Home > Servers > Rack and Tower Servers > Intel > White Papers > Driving GenAI Advancements: Dell PowerEdge R760 with the Latest 5th Gen Intel® Xeon® Scalable Processors > Distributed inference meeting under 100ms market latency requirements
Figure 2 shows the next-token latency for the Llama2 7B model with batch size scaling on the X-axis and Latency for Next token (ms) on the Y-axis. The bars represent the respective input token lengths of 256, 1024, and 2048 respectively. As can be seen, for the LLAMA2-7B parameter model, the next token latency is well within the 100ms requirement on a single node for batch size/input token size up to 16/1024. The smaller model size of 7B parameter ensures we can fit processing using a single node.
Figures 3 and 4 show the batch size scaling on the X-axis with Latency for Next token (ms) on the Y-axis for models LLAMA-2 13B parameters and Falcon-40B parameters. Here, we show the latency data as we scale from 1 to 4 nodes. Once again, the bars represent the respective input token lengths of 256, 1024, and 2048 respectively.

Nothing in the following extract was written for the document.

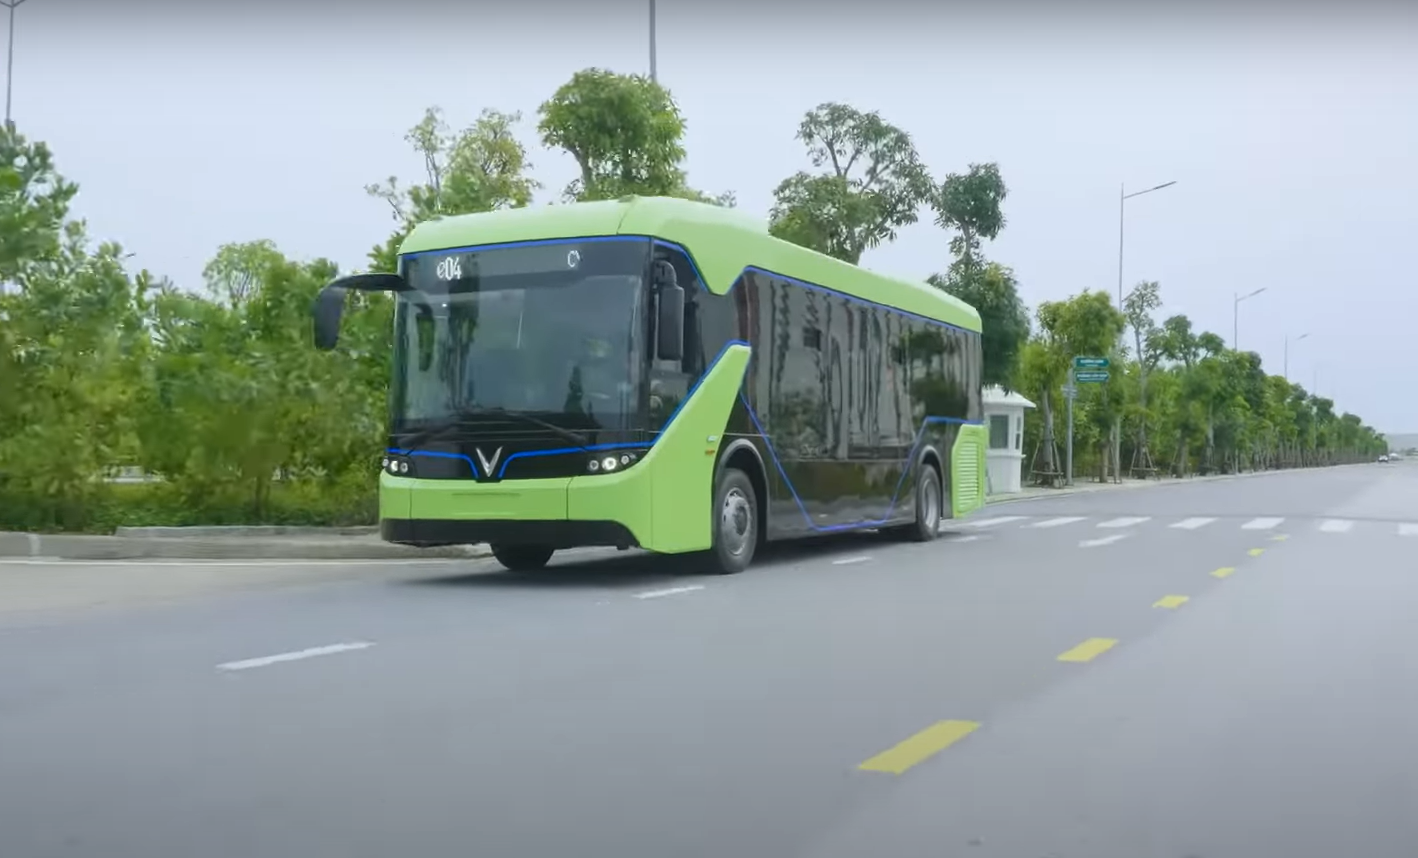 Quý II/2021 Hà Nội đưa vào khai thác 10 tuyến xe buýt điện

As can be seen, for the LLAMA2-13B parameter model, the next token latency is well within the 100ms requirement on a single node for batch size/input token size up to 8/1024. However, scaling to 4 nodes ensures we can also scale to BS16/2048 Input tokens to be well within the target of 100ms. This shows that depending on the use-case and if a chatbot needs to, a service request of 16 concurrent users for LLAMA2-13B parameter model can achieve that using 4x nodes.
Note: Additional optimizations at the compute, memory bandwidth, and network communication are in progress to ensure the scaling efficiency for multi-node gets to near-linear scaling.
Given the model size of Falcon-40B, starting with a single node and even scaling to two nodes does not help meet the next-token latency requirements. In this scenario, using 4 nodes is an ideal choice to begin with. One can meet the latency targets up to batch size 4, 1024 input tokens with Falcon-40B.
Note: Additional optimizations at the compute, memory bandwidth, and network communication are in progress to ensure the scaling efficiency for multi-node gets to near-linear scaling.